Actually I’m not, but if you’re can’t get enough of 90’s doom/death/gothic metal, then look no further. You could easily compare this to records like Clouds and Icon, yet we’re dealing with better vocals than those of the former and a minor death metal influence makes this sound more distinctive than that of the latter’s goth ’n roll flavor. You could also compare Melancholy to records such as Waves of Erotasia or Black Vanity, yet there are two distinctive features that make this album sound as unique as it is. Robert Perez doesn’t really growl in a traditional sense, but his gruff voice sounds rather unique. They’re dry and somewhat one dimensional, but a proper death metal growl wouldn’t work for this kind of record. The guitars cover a range of emotions and often remain busy, as they bend, speed up and provide palm-muted crushing passages from time to time. Therefore compositions rarely end up predictable and thus, Melancholy sounds pretty adventurous, if rarely epic in its delivery.
At its best, you end up with a few tunes that nowadays might appear to be somewhat dated, but as a fan of this doom/death/gothic metal style, I don’t see the problem with it. The Paradise Lost-esque “Lonely” spends a fair amount of time wandering through gloom and doom, where breezing keys, soothing female vocals and semi-death metal vocals collide. Even that slow-soaring solo feels like a worthy addition and overall, the result is a long, if welcoming introduction. The rousing and aggressive “Lake of Memories” demonstrates how vibrant this style of doom/death/gothic metal blend once was before it watered down over time. Most importantly, the guitarists steal the spotlights with their unique sense of tasteful, yet metallic riffing… so if you’re hoping for some ”pretty” gothic metal to comfort you, you better look elsewhere. “Stillness” gets close to the early Tiamat territory, yet benefits from a gradual amount of shifts and turns, resulting into a narrative that does feel more epic than anything Johan Edlund had ever written. The vocals loudly belt towards sardonic skies, while the mesmerizing guitar lines appear beneath Robert Perez’s gothic croons. Still, nothing is what it seems, as the unexpected doom/death section halfway through manages to flip the mood as well as the pacing… and I love every second of it.

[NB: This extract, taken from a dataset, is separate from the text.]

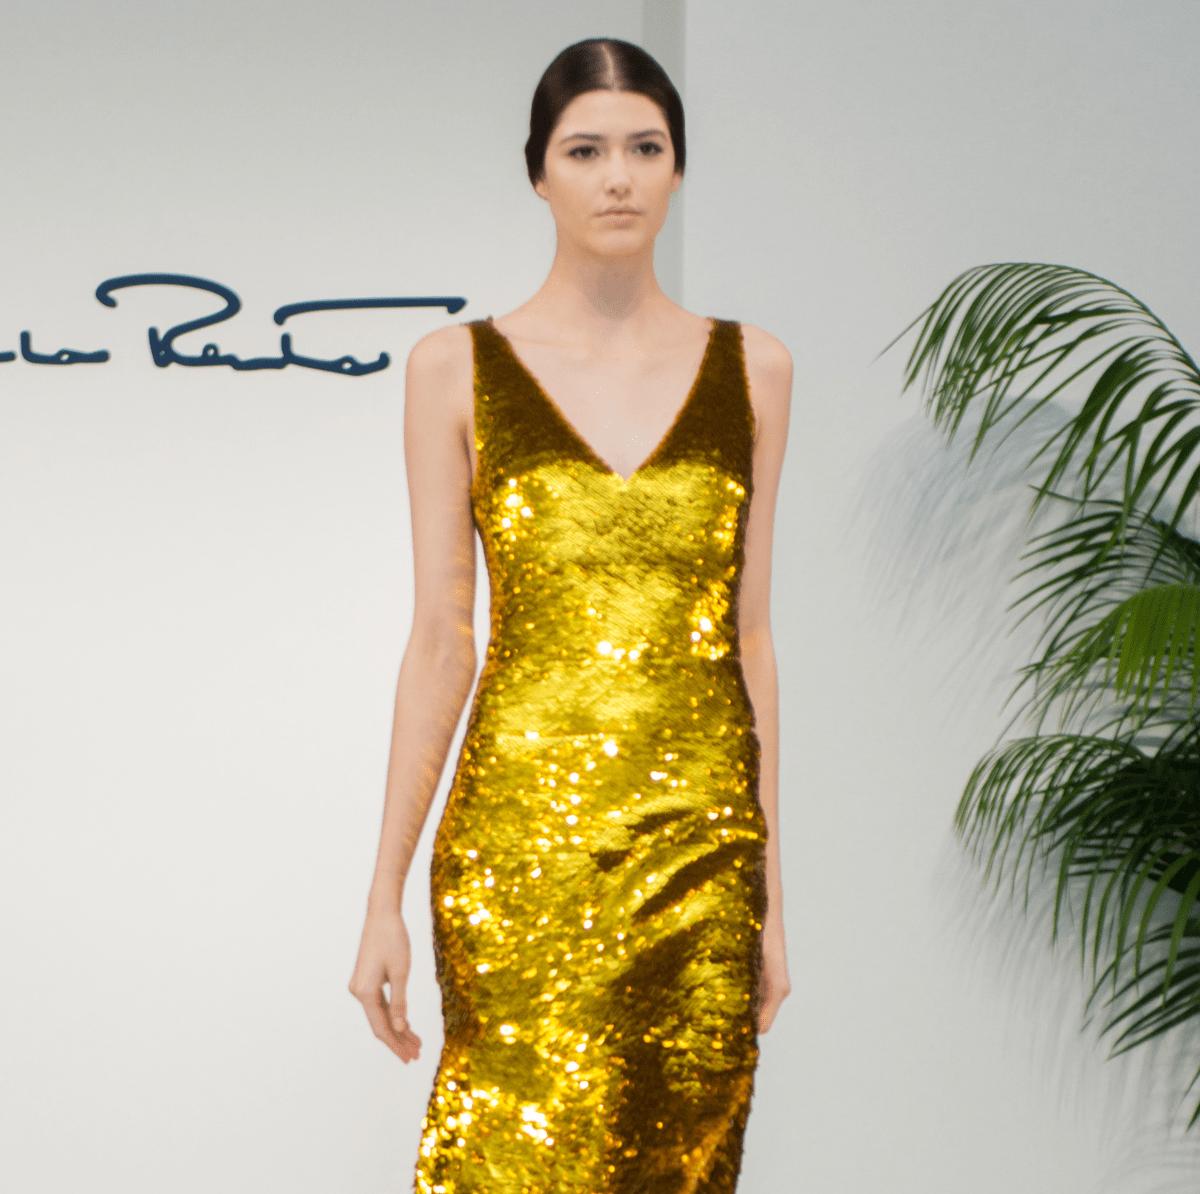 Oscar de la Renta 2018 resort collection gold gown

Although Melancholy sounds stylistically even, there are times when the magic gets lost. “Nothing” could have done with some re-arrangements, as it gradually leads to the most exciting, if unexpected features that appear near the end. Not that the first five minutes of the track are bad, as that humming guitar motif recalls Greg Macintosh’s trademark leads circa Icon and the soothing melancholic crooned sections sound appealing enough, but overall its climax sounds so much better! It’s that energetic speedy death metal riff and that noisy guitar solo that made me yearn for more sections that had more of an edge to them. The worst contesters are the pointless chugging “Immaterial Deceptions” and the overlong bended-boredom of “Virtualis Demens” are hardly enjoyable to begin with. I enjoy the calmer key-driven sections of both, but the former chugs onward with no substance and the latter features a tiring main riff, while the remaining sections don’t justify its length either.
Overall I’d argue that Melancholy expresses itself as a collection of decent songs instead of a record that flows excellently, yet its highlights are clearly redeeming factors. So, why don’t you give Golgotha‘s Melancholy a try? It’s autumn season after all and this would make a fitting soundtrack.